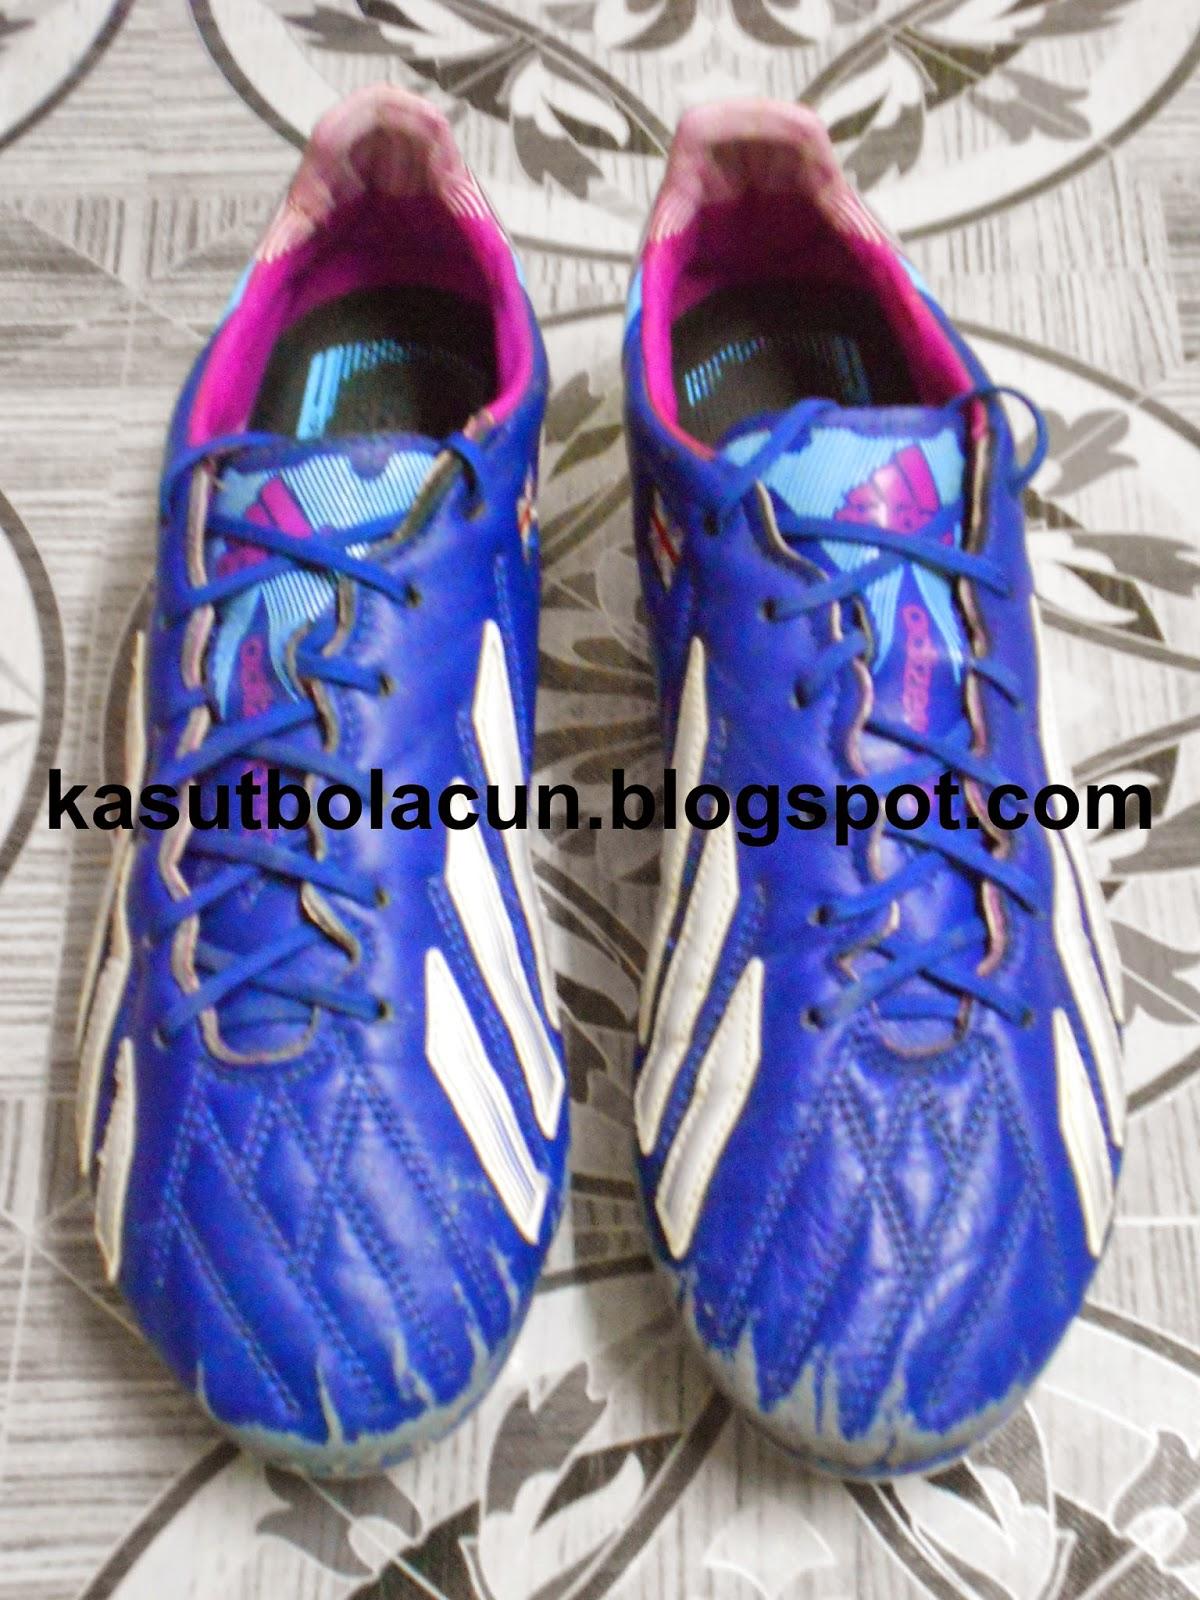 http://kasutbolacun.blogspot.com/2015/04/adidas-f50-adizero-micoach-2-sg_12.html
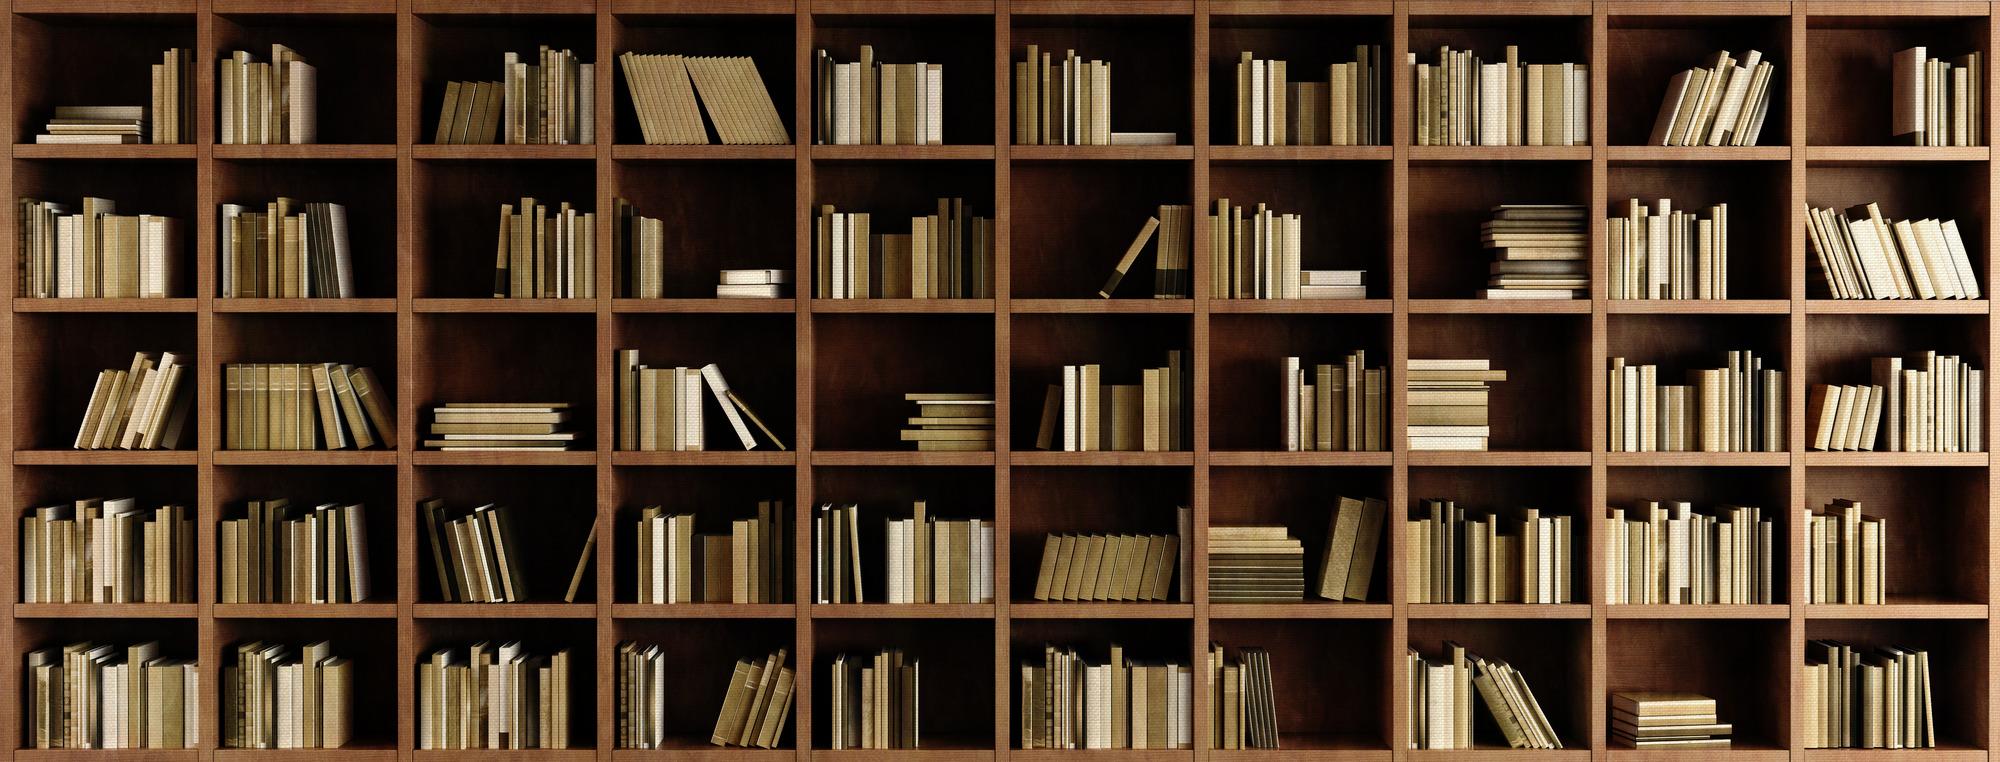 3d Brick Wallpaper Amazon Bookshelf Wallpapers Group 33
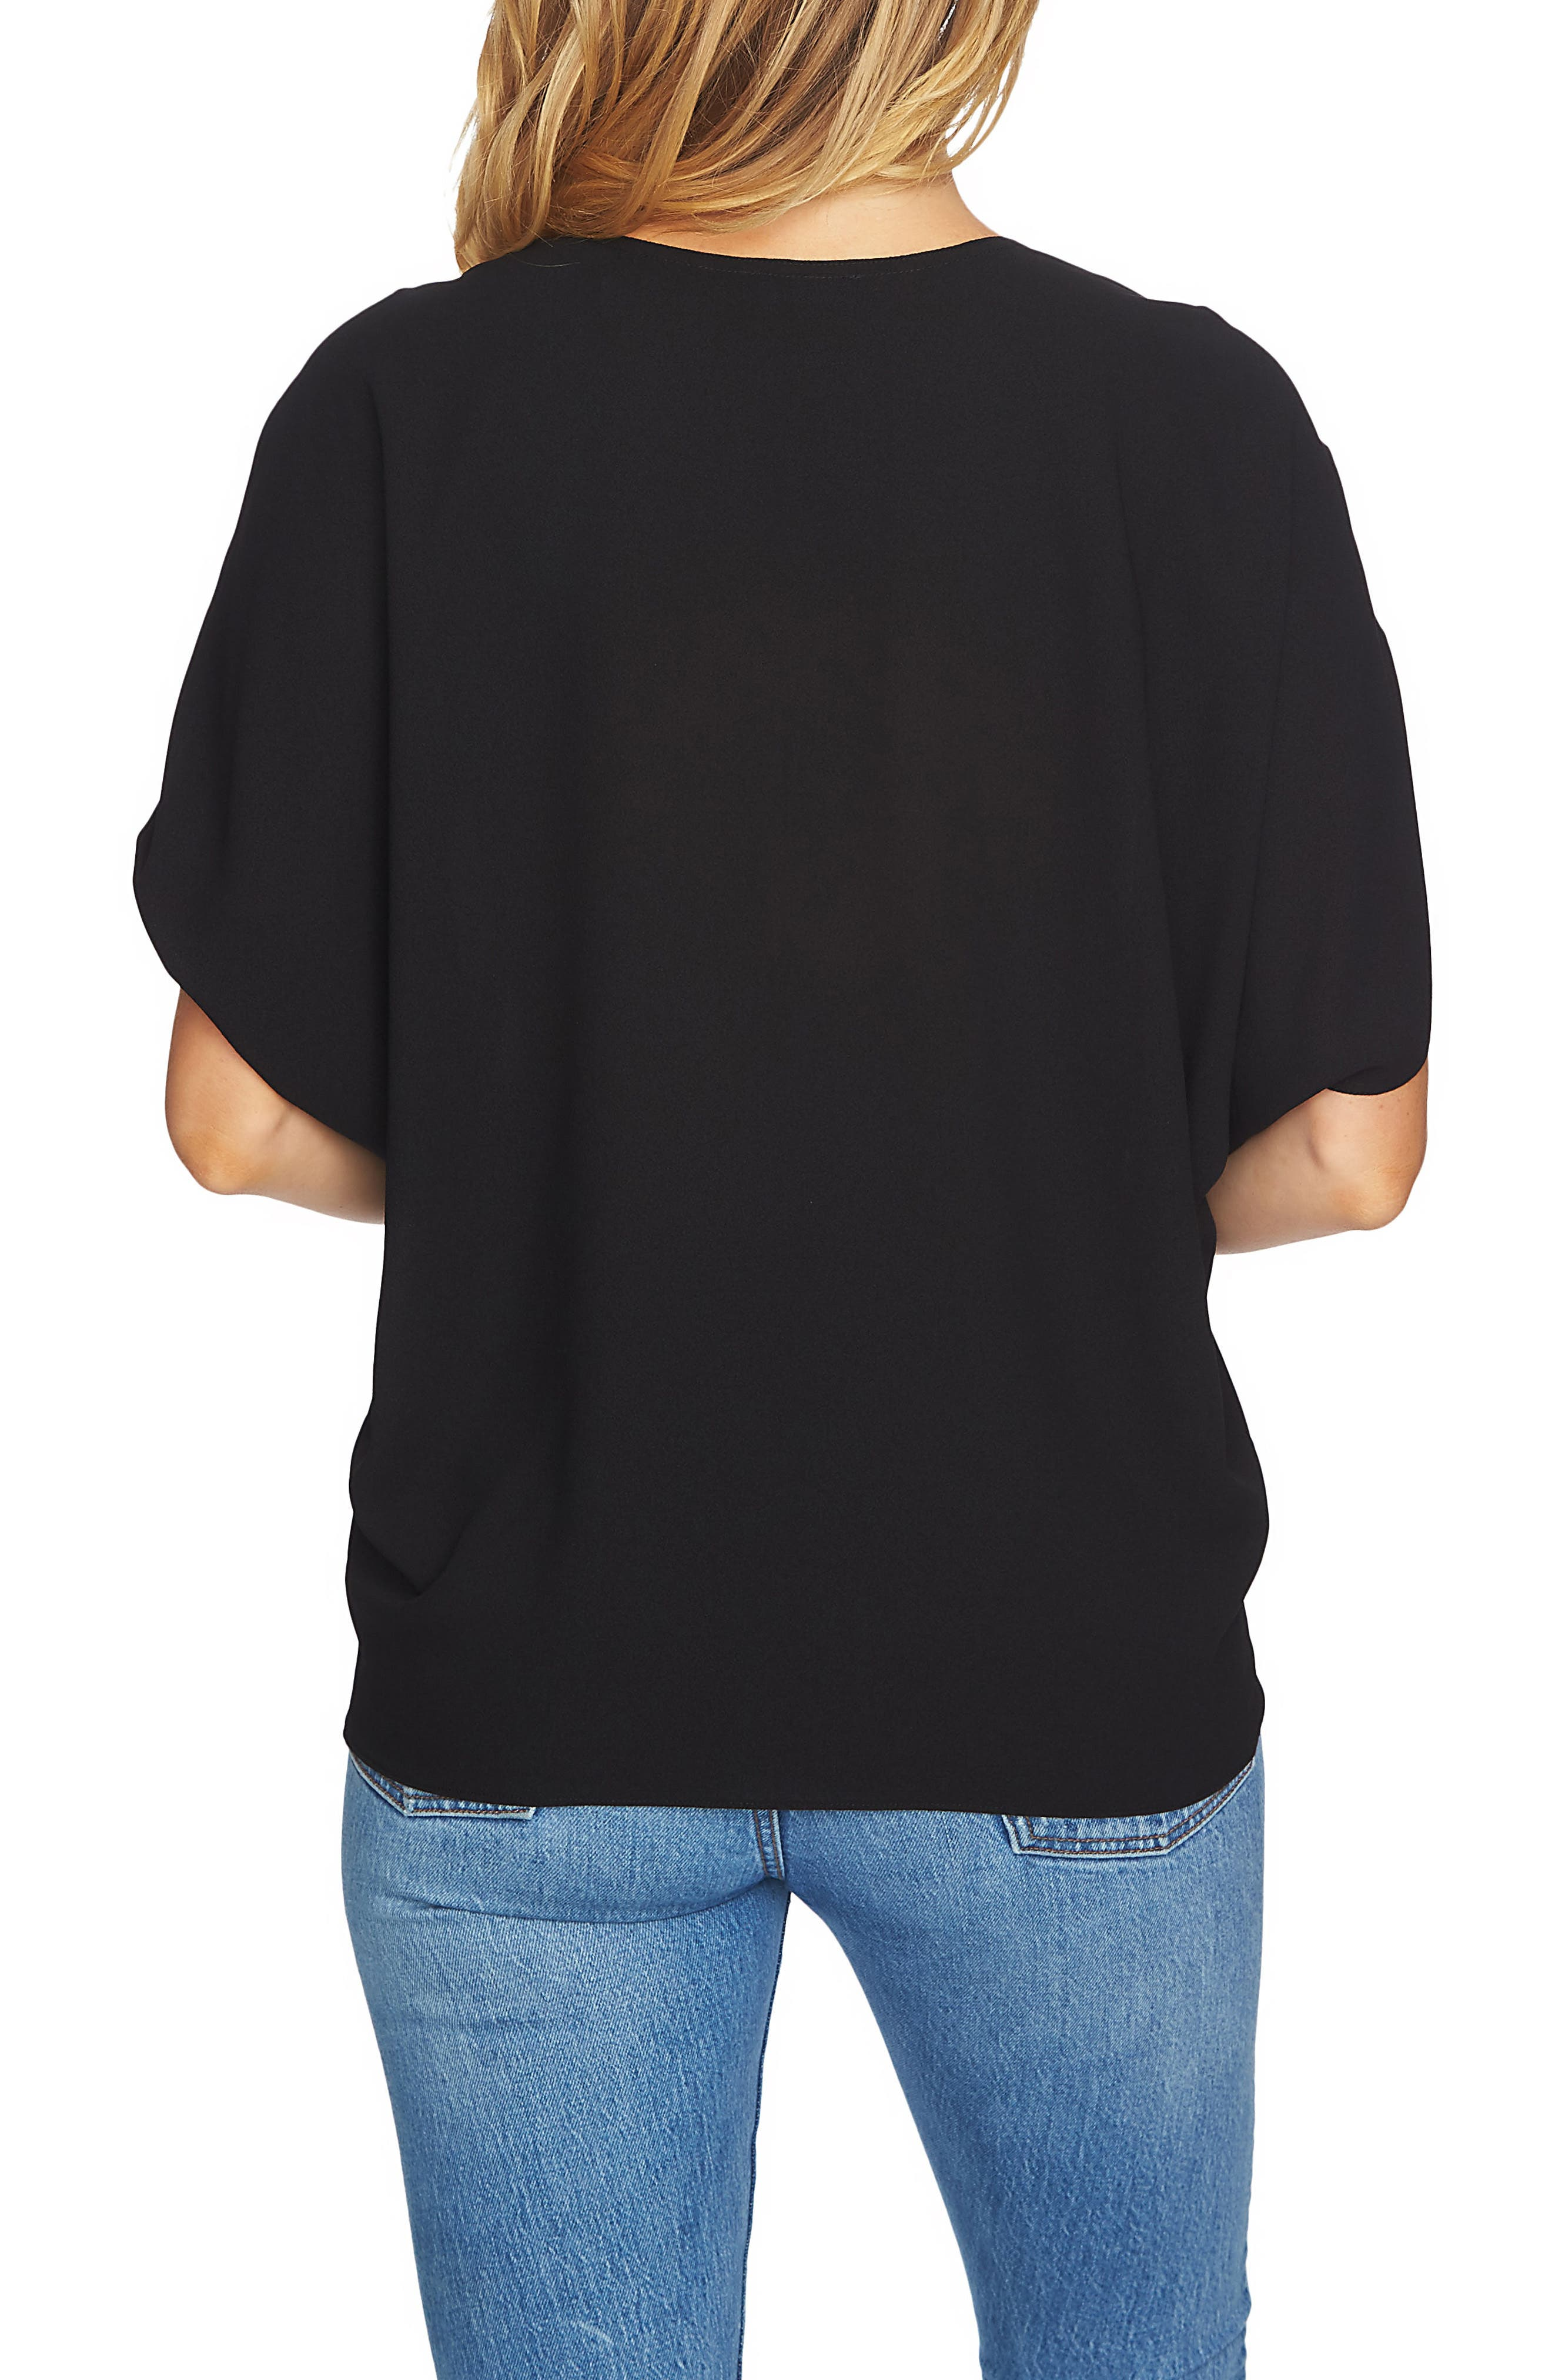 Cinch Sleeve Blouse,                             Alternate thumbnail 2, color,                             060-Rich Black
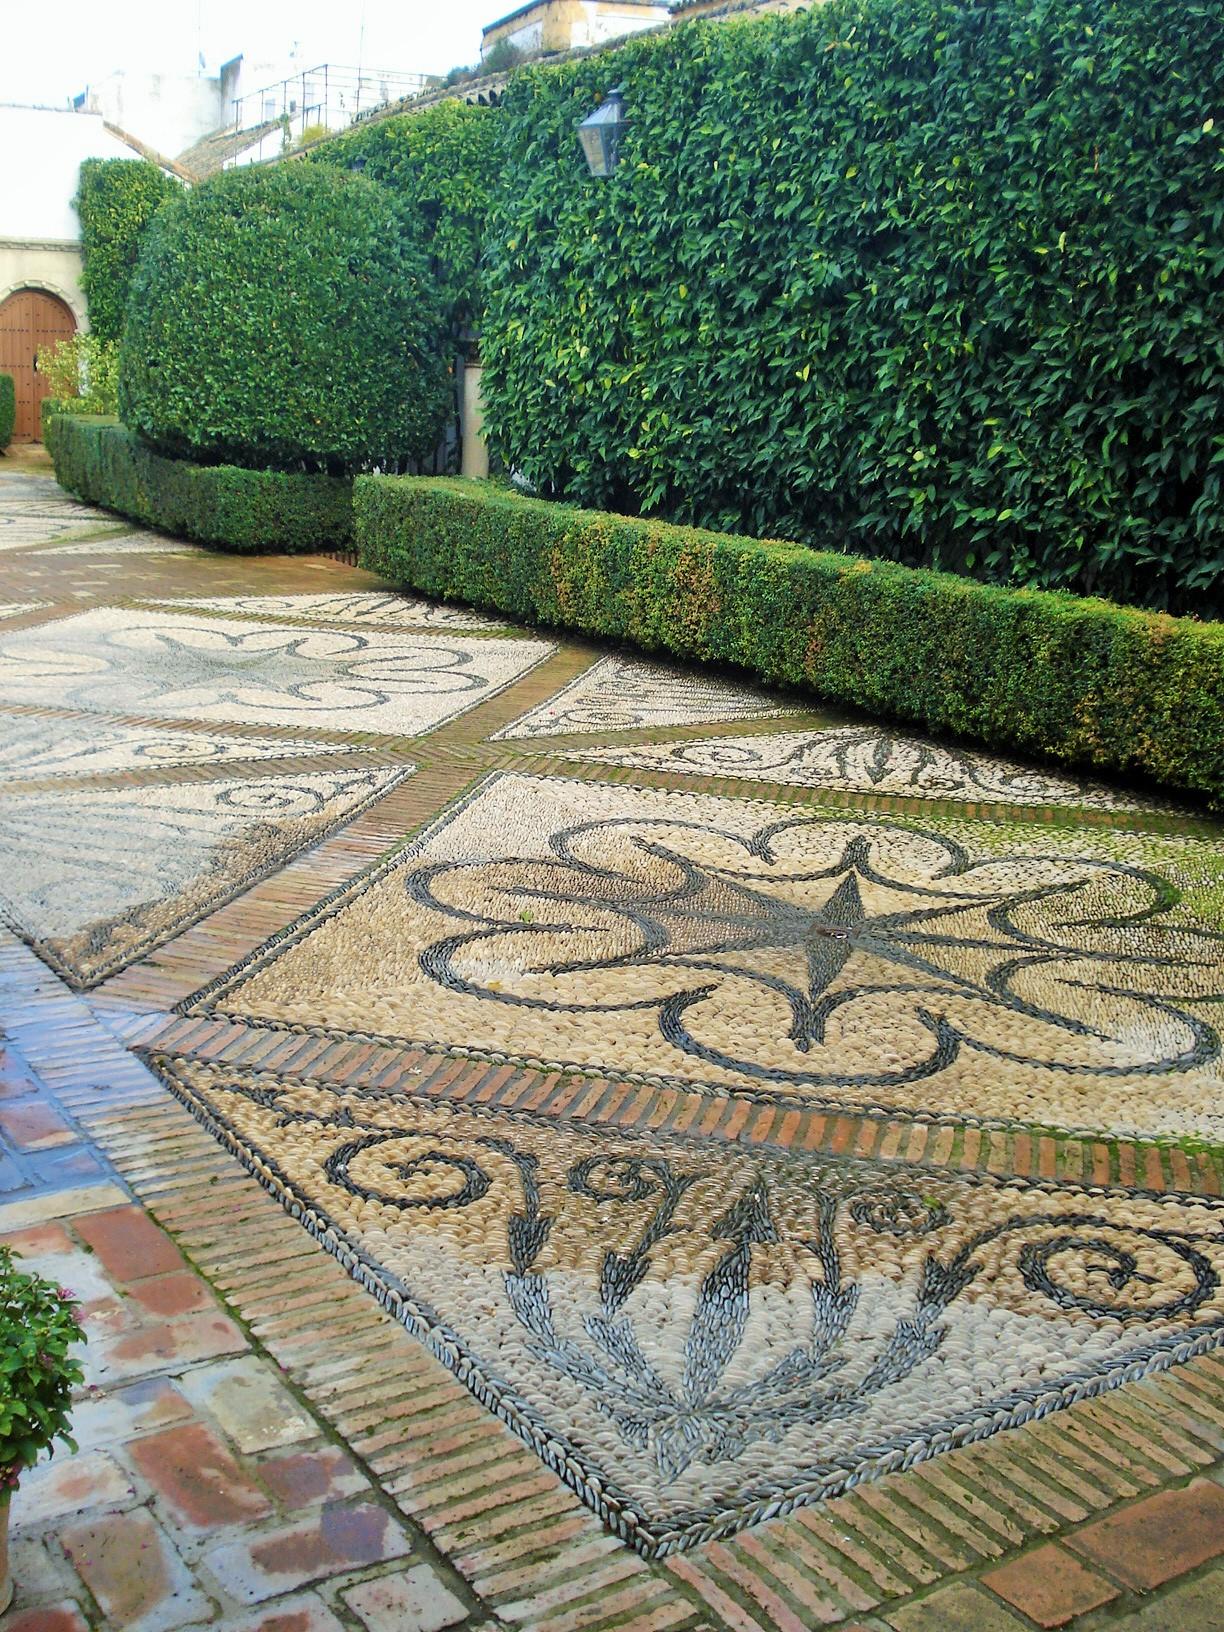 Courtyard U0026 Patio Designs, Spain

────────

» **Task goal**:
Write out the data above in full and exactly, but without the pictures.

» **Answer box**:
 http://kasutbolacun.blogspot.com/2015/04/adidas-f50-adizero-micoach-2-sg_12.html
 3d Brick Wallpaper Amazon Bookshelf Wallpapers Group 33
 Cinch Sleeve Blouse,                             Alternate thumbnail 2, color,                             060-Rich Black
 Courtyard U0026 Patio Designs, Spain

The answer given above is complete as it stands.